On 01/28/2013 03:31 PM, Michael Hudson-Doyle wrote:
Thoughts? Am I solving the wrong problem?
Well. The thing that occurs to me is that what we are doing here is building a system that aims to be available for writes in the face of network partitions, and other people have already built systems that have this property -- it is basically the whole principle behind Amazon's famous dynamo db [1] and the systems it inspired like Riak and Cassandra. It seems unlikely that we'd do a better job than them.
time to read your article below.
One thing that I don't completely understand how to replicate if we have a simple job-accepting scheduler in the cloud is the sanity check about the submitting user being able to submit results to the stream specified in the job -- or even if token provided while submitting the job is valid, come to think of it!

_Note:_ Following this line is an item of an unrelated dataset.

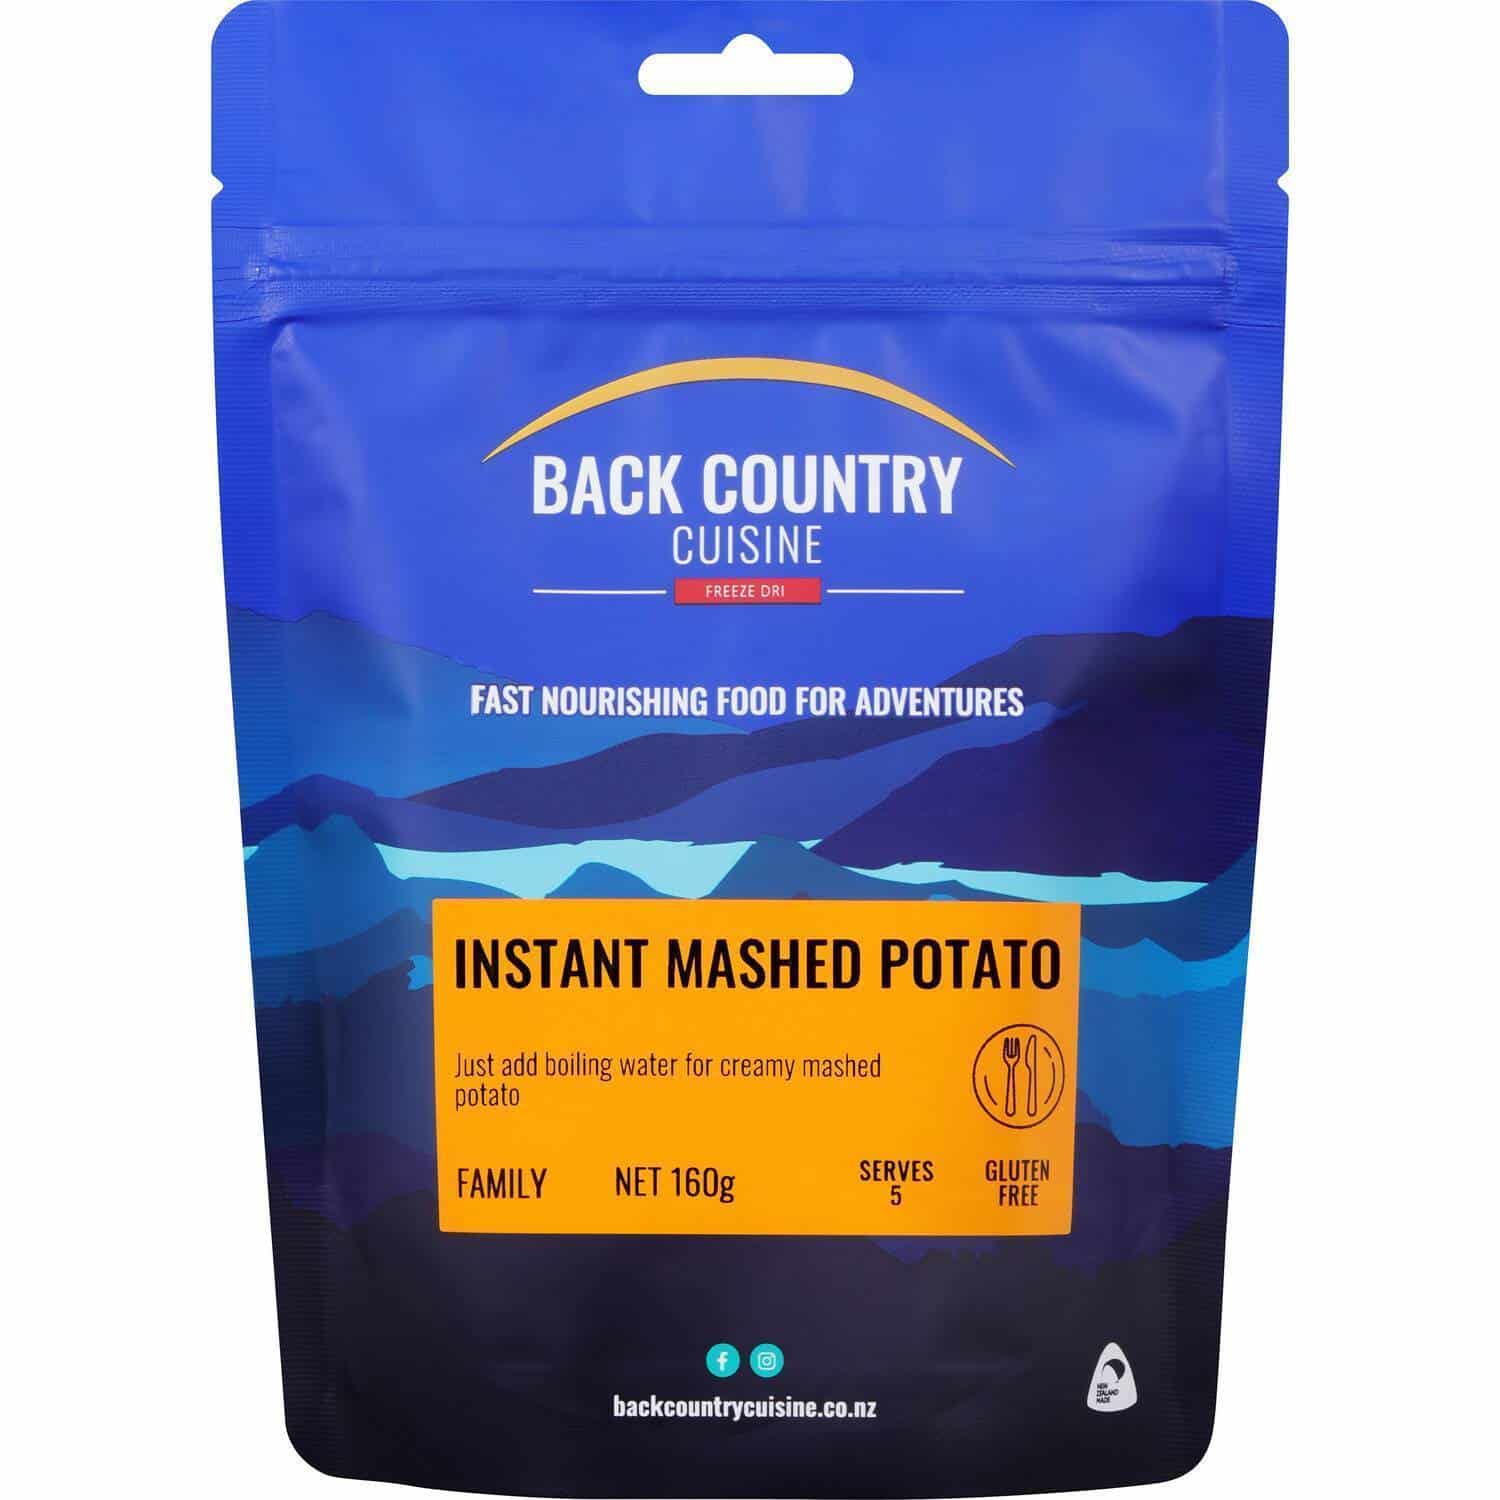 Back Country Cuisine Mashed Potato - Tramping Food and Accessories sold by Venture Outdoors NZ

I thought about this before my original email and decided to not mention this issue. However, my thinking was that we might need to add a new state to a job called something like "REJECTED". Now normally, we just reject a request before it ever becomes a job. However, in this offline mode, we could wait to reject the job until we came back online and were able to do the proper checks.
Cheers, mwh
[1] Everyone in computing should take the 40 minutes or so it takes to read this paper: http://www.allthingsdistributed.com/files/amazon-dynamo-sosp2007.pdf if only for this quote:
yeah - this is bound to make me smarter :)
"For example, customers should be able to view and add items to their shopping cart even if disks are failing, network routes are flapping, or data centers are being destroyed by tornados."